Pulmonary tuberculosis masquerading as a mass cancer lesion: A rare case report and review of literature
Abstract
Key Clinical Message
Despite being generally treatable and preventative, pulmonary tuberculosis (PTB) is one of the most common infectious agents that cause death. Misdiagnosis of TB frequently leads to unwarranted diagnostic procedures and postpones the start of treatment.
Pulmonary tuberculosis (PTB) can present with various unusual radiological and clinical characteristics. Misdiagnosis of TB frequently leads to unwarranted diagnostic procedures and postpones the start of treatment. Here, we describe a 50-year-old man who presented with a cancerous-type lesion on radiological findings and atypical symptoms that led to an initial diagnosis of lung cancer. However, histopathology and biopsy of the lung lesion revealed chronic granulomatous inflammation with caseous necrosis, confirming PTB as the true cause, with no further indications of malignancy.
1 INTRODUCTION
In 2022, 1.3 million people globally succumbed to death from pulmonary tuberculosis (PTB). PTB is the second most common infectious agent that causes death, behind HIV/AIDS, and the thirteenth most common cause of death overall.1 As a general rule, PTB can be diagnosed by looking for acid-fast bacilli (AFB) in stained sputum.2, 3 However, AFB smear results could be negative or ambiguous, and it can be challenging to diagnose a patient early if the condition is not detected by a physician or through radiological means.

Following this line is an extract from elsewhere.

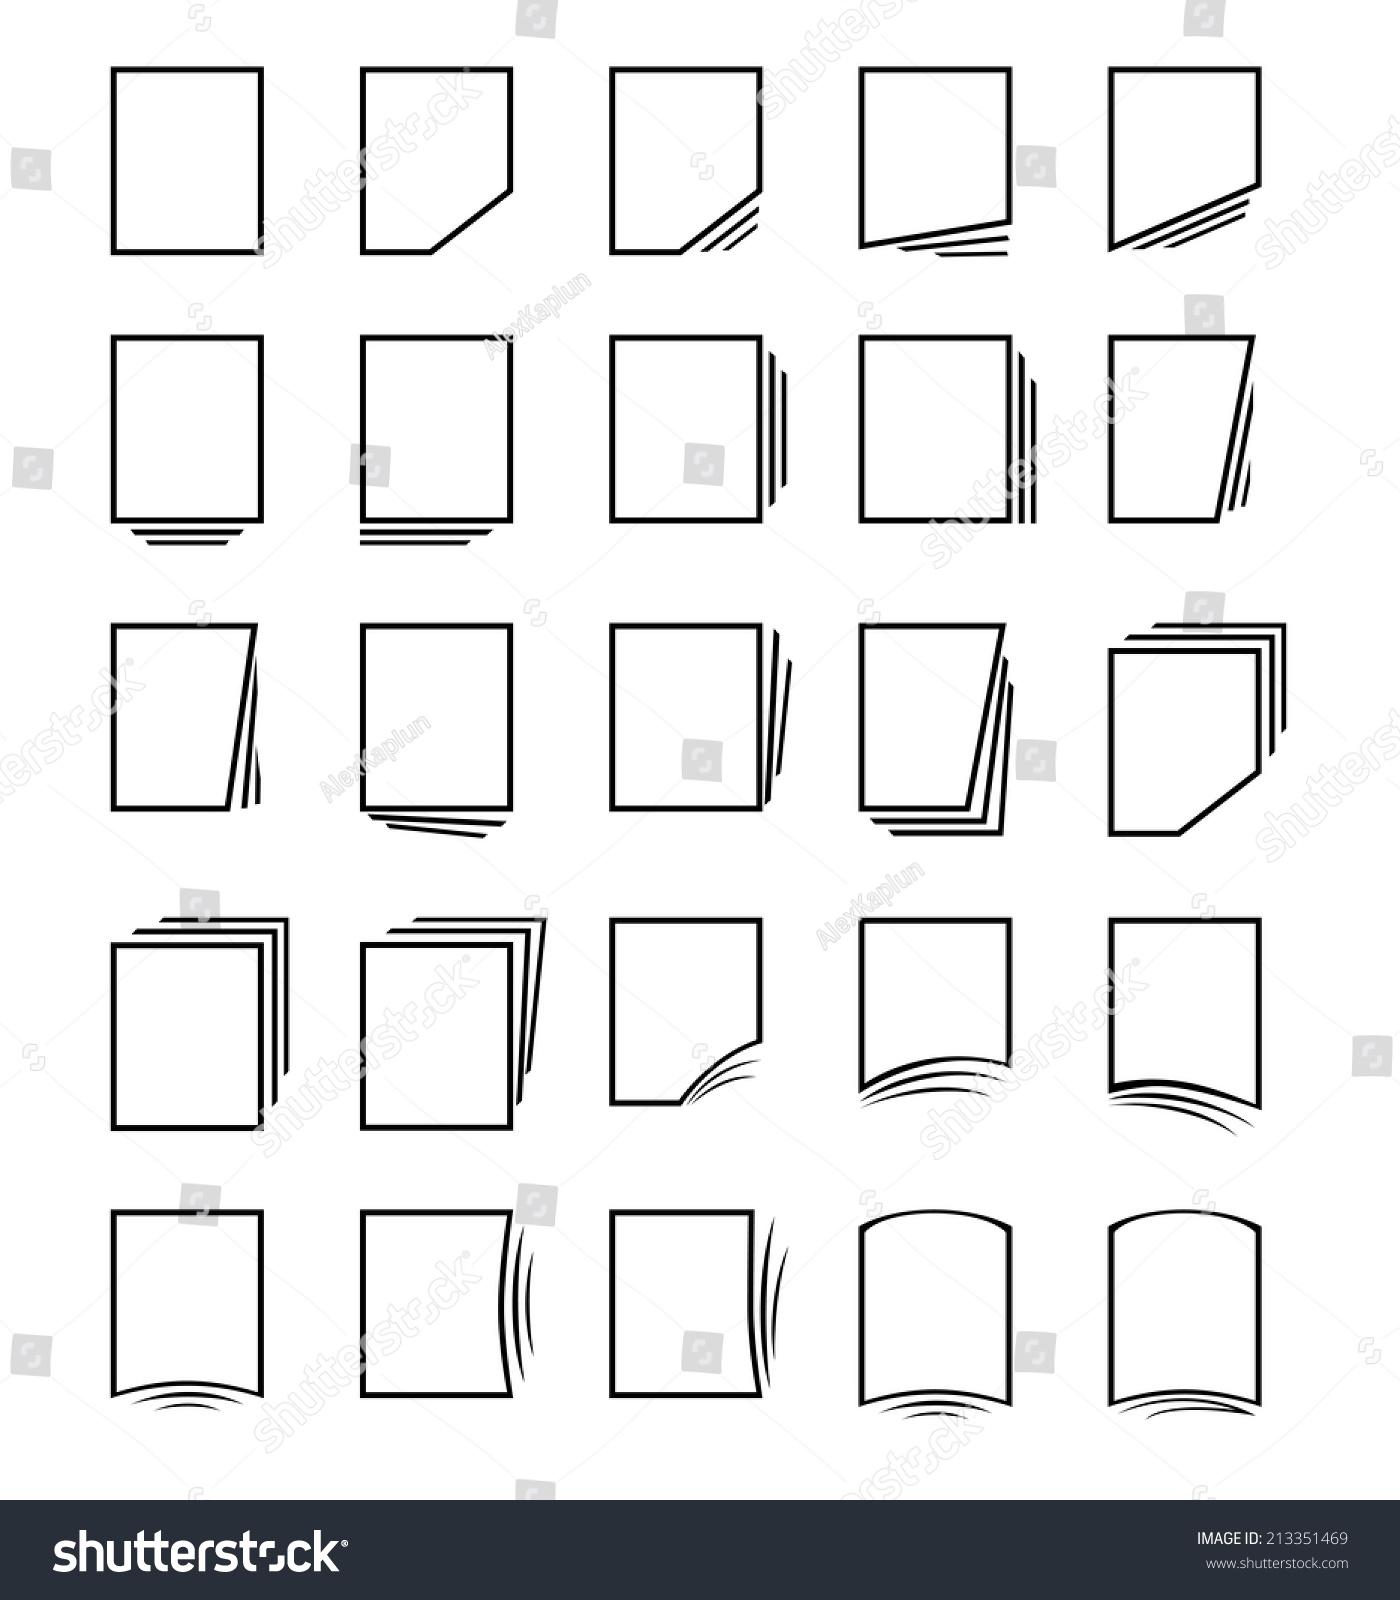 矢量图标集:页面和文件-背景/素材

When it comes to lowering the morbidity and mortality linked to PTB, early diagnosis is equally important as treatment. For the diagnosis of TB, transthoracic biopsy has been shown to be useful.3 Moreover, TB often presents atypical radiologic findings4; among the rare radiographic indicators of PTB reported are mass lesions resembling neoplasms.5, 6
This study aims to present a unique case study of a male patient, aged 50, who had PTB that appeared as a mass lesion on radiological examination, delaying the treatment of PTB.
2 CASE PRESENTATION
2.1 History and examination
A 50-year-old male with a known case of Diabetes Mellitus for 3 years (compliant on oral hypoglycemic drugs) presents with a 14-day history of non-productive cough, along with high-grade fever and right-sided sharp pleuritic chest pain localized to the lower chest. The fever was sudden in onset, progressing from low-grade to high-grade over time, continuous without rigors or chills, and mildly relieved by medication temporarily. The patient had previously taken Oral Cefixime and Clarithromycin for 4 days, but no signs of improvement were noticed.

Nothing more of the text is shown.